Cache entries expire after 24 hours, and when the cache hits 100 entries, the oldest gets evicted. The eviction is simple -- find the entry with the smallest timestamp and delete it. No LRU linked list, no priority queue. For 100 entries, a linear scan is fine.

When the user hits "Regenerate," we pass forceRefresh: true which bypasses the cache, generates a fresh summary, and overwrites the cached version.

What I Learned

The hard part was extraction, not AI. I spent more time debugging Readability edge cases -- paywalled sites, SPAs that load content after DOMContentLoaded, pages with multiple article-like sections -- than I spent on the AI integration. The Groq API just works. Getting clean text out of the wild web is the real challenge.

Users care about speed more than summary quality. The jump from 10+ seconds (OpenAI) to ~2 seconds (Groq) changed everything. At 10 seconds, people wonder if it is worth the wait. At 2 seconds, it feels instant, and they use it reflexively. The quality difference between GPT-3.5 and LLaMA 3.1 8B for summarization is marginal; the speed difference is transformative.

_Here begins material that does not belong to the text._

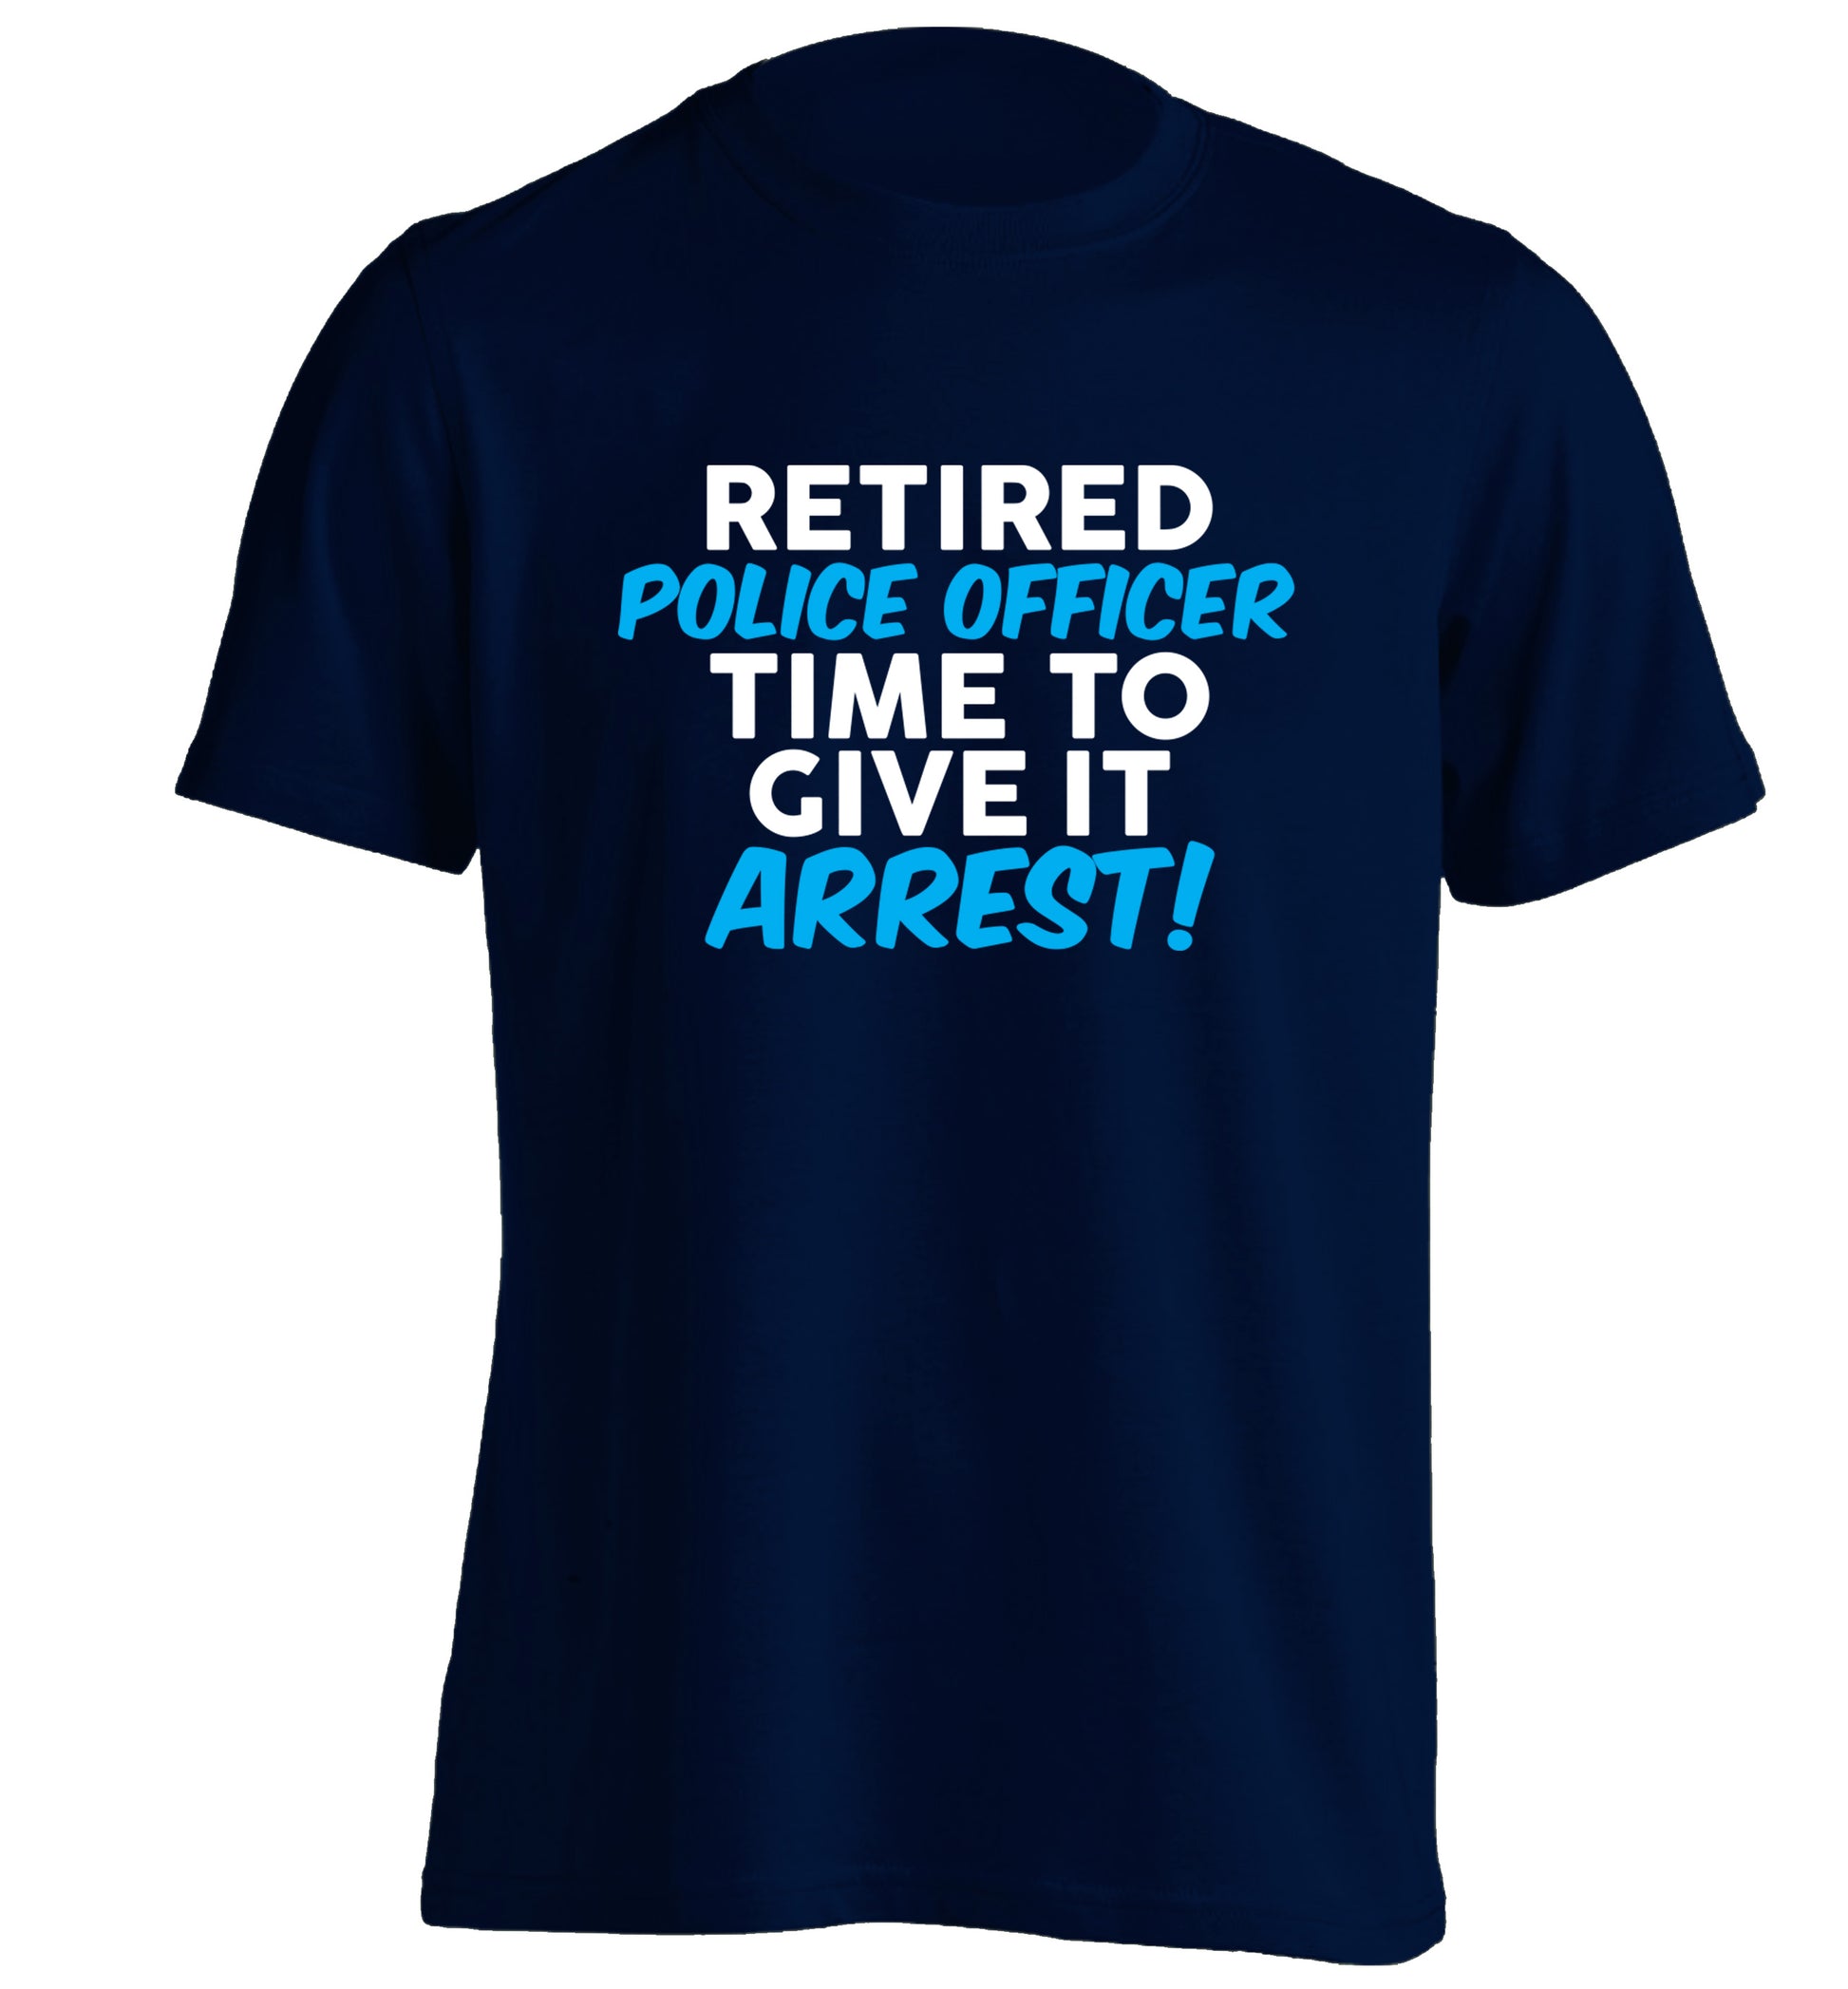 Retired police officer time to give it arrest adults unisex navy Tshirt 2XL

Groq's free tier is viable for production. Thirty requests per minute with no credit card required. For a browser extension where each user generates maybe 10-20 summaries per day, this is more than sufficient. If you are building a developer tool or personal productivity app, you do not need to spin up your own inference server.

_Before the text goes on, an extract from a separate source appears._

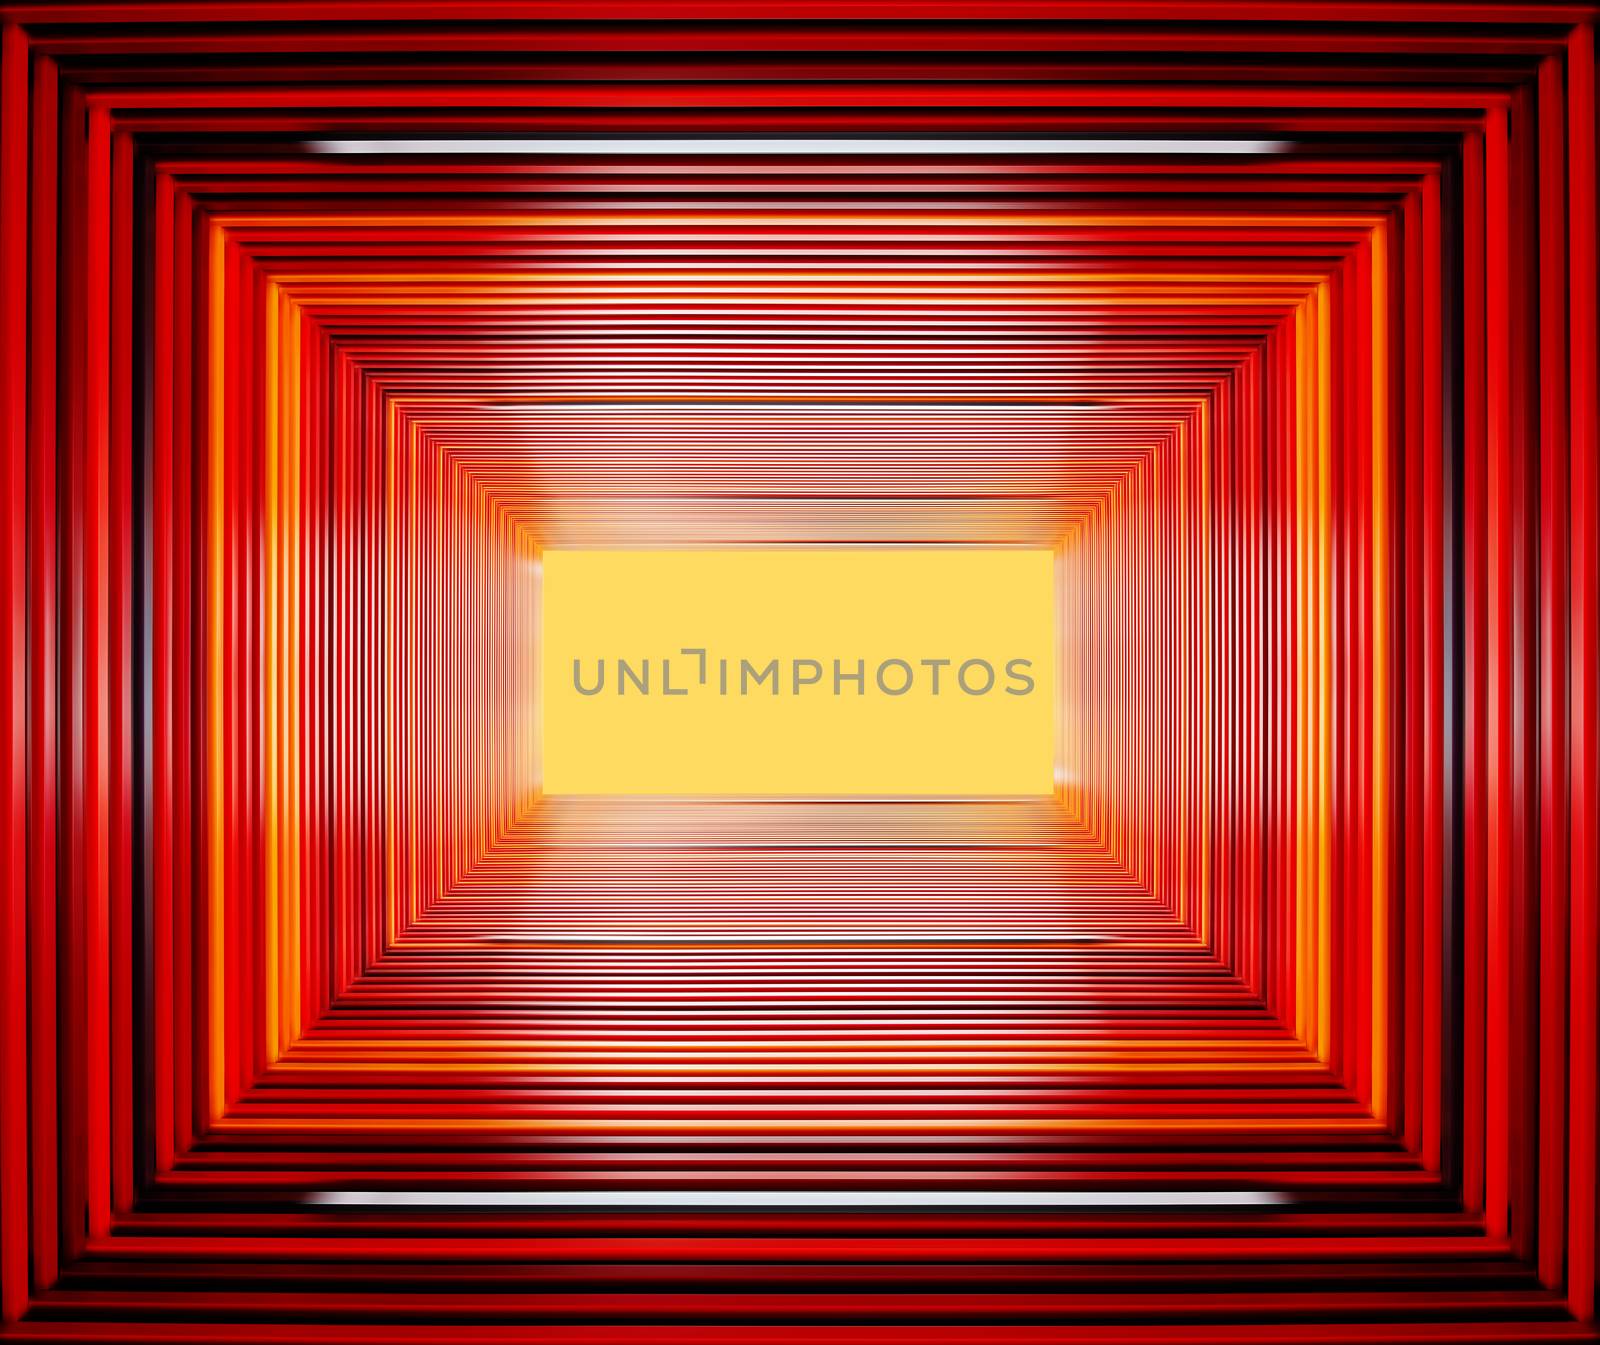 abstract background like technology templates texture

Manifest V3 is an improvement, but the migration pain is real. The service worker lifecycle, the restricted API surface, the new permissions model -- they all push you toward better patterns (no persistent background state, explicit permissions, declarative APIs). But the documentation assumes you already know what changed, and debugging a terminated service worker is not fun.